Getting multiple datasets from group in HDF5

3.4k Views Asked by At

I am comparing two different hdf5 files to make sure that they match. I want to create a list with all of the datasets in the group in the hdf5 file so that I can have a loop run through all of the datasets, instead of entering them manually. I cant seem to find away to do this. Currently I am getting the data set by using this code:

tdata21 = ft['/PACKET_0/0xeda9_data_0004']

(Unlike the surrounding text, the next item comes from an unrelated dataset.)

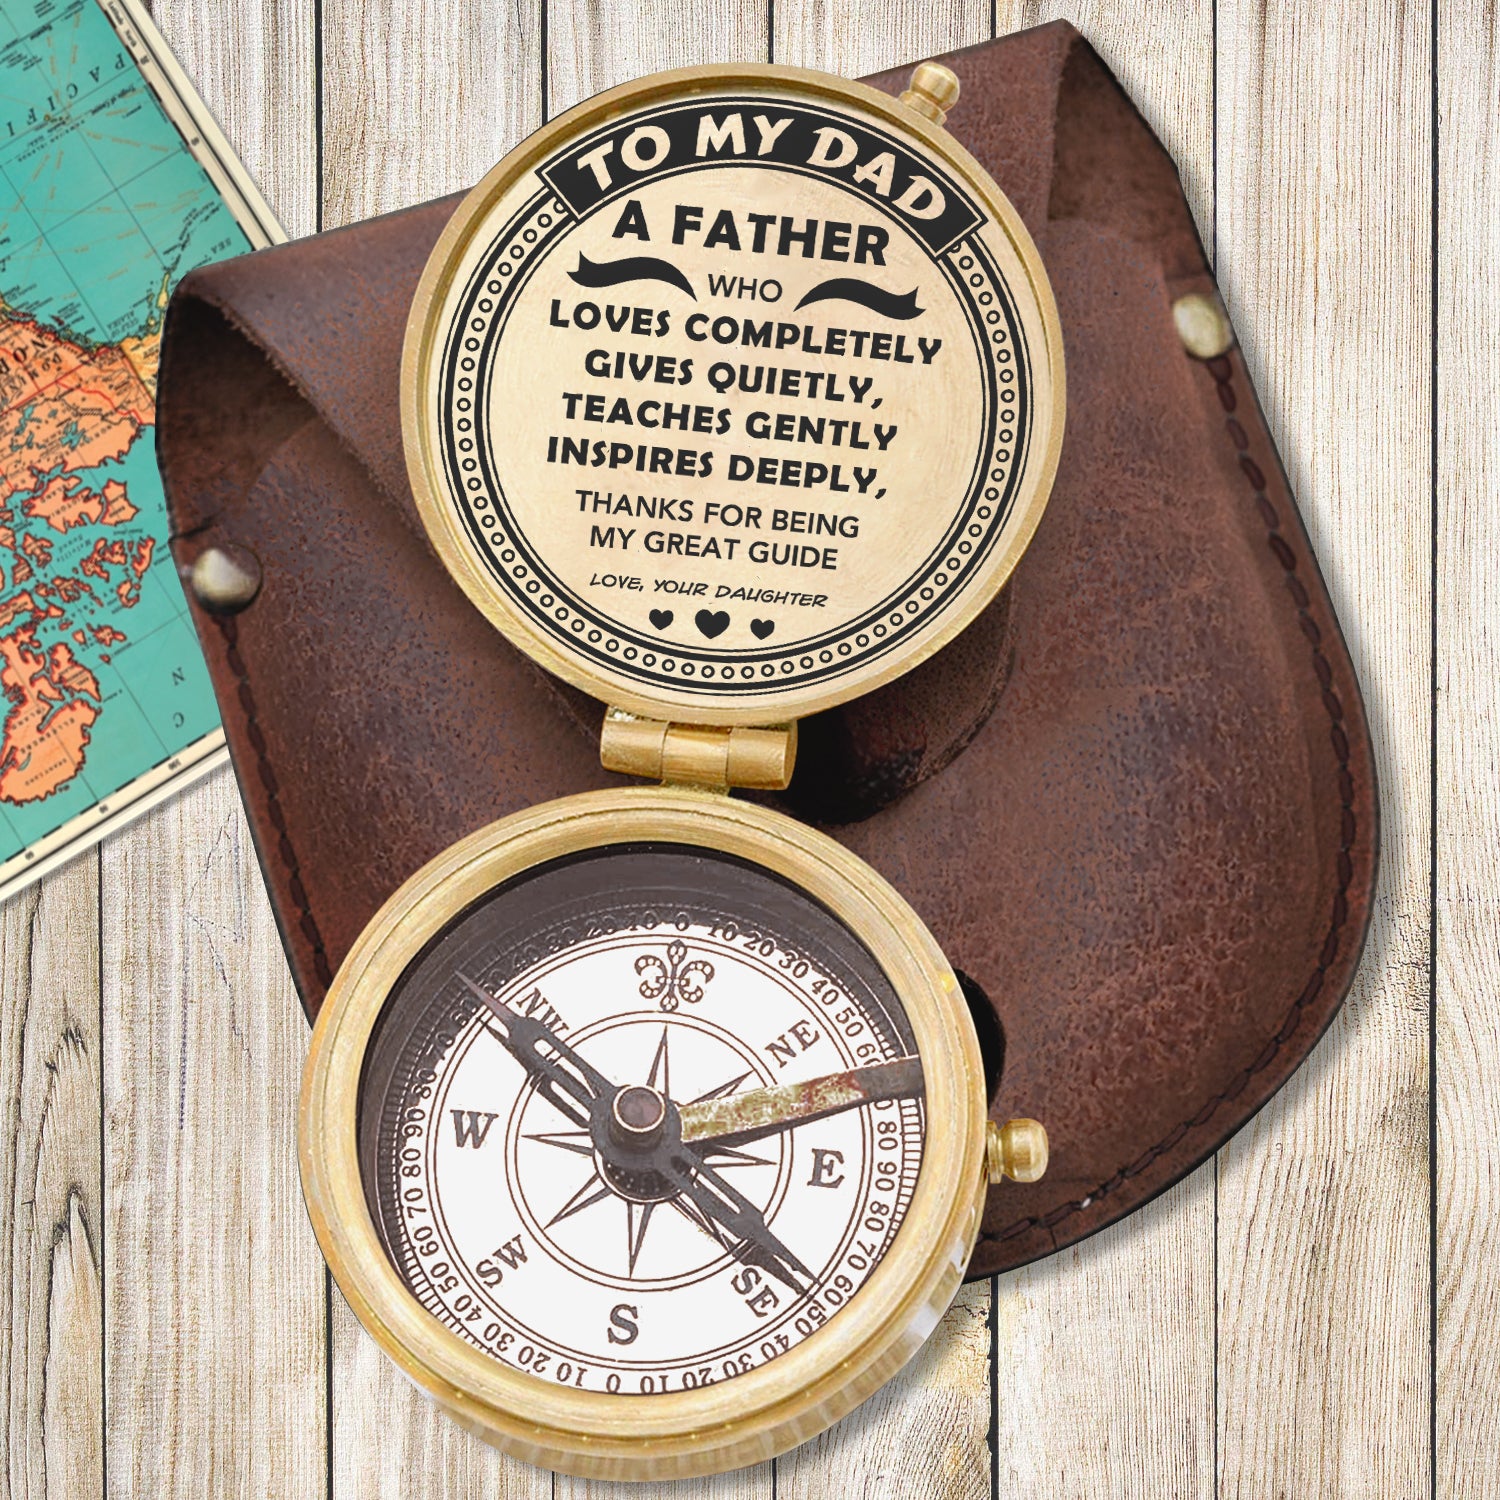 Engraved Compass - Family - From Daughter - To My Dad - Thanks For Being My Great Guide - Ukgpb18002

The names of the sets are located in the "PACKET_0" group. Once I arrange all of the datasets, I compare the data in the datasets in this loop:

for i in range(len(data1)):
   print "%d\t%g\t%g" % (i, data1[i],tdata1[i])
   if(data1[i]!=tdata1[i]):
     x="data file: data1 \nline:"+ str(i) + "\norgianl data:"  + str(data1[i]) + "\nrecieved data:" + str(tdata1[i]) + "\n\n"
     correct.append(x)

If there is an smartier way to compare hdf5 files I would like to see it as will, but mainly I am just looking for a way to get the names of all of the datasets in the group into a list. Thank you

1

There are 1 best solutions below

0
On BEST ANSWER

To get the datasets or groups that exist in an HDF5 group or file, just call list() on that group or file. Using your example, you'd have

datasets = list(ft['/PACKET_0'])

You can also just iterate over them directly, by doing:

for name, data in ft['/PACKET_0'].items():
    # do stuff for each dataset

If you want to compare two datasets for equality (i.e., they have the same data), the easiest way would be to do this:

(dataset1.value == dataset2.value).all()

This returns NumPy arrays from each dataset, compares those arrays element-by-element, and returns True if they match everywhere and False otherwise.

You can combine these two concepts to compare every dataset in two different files.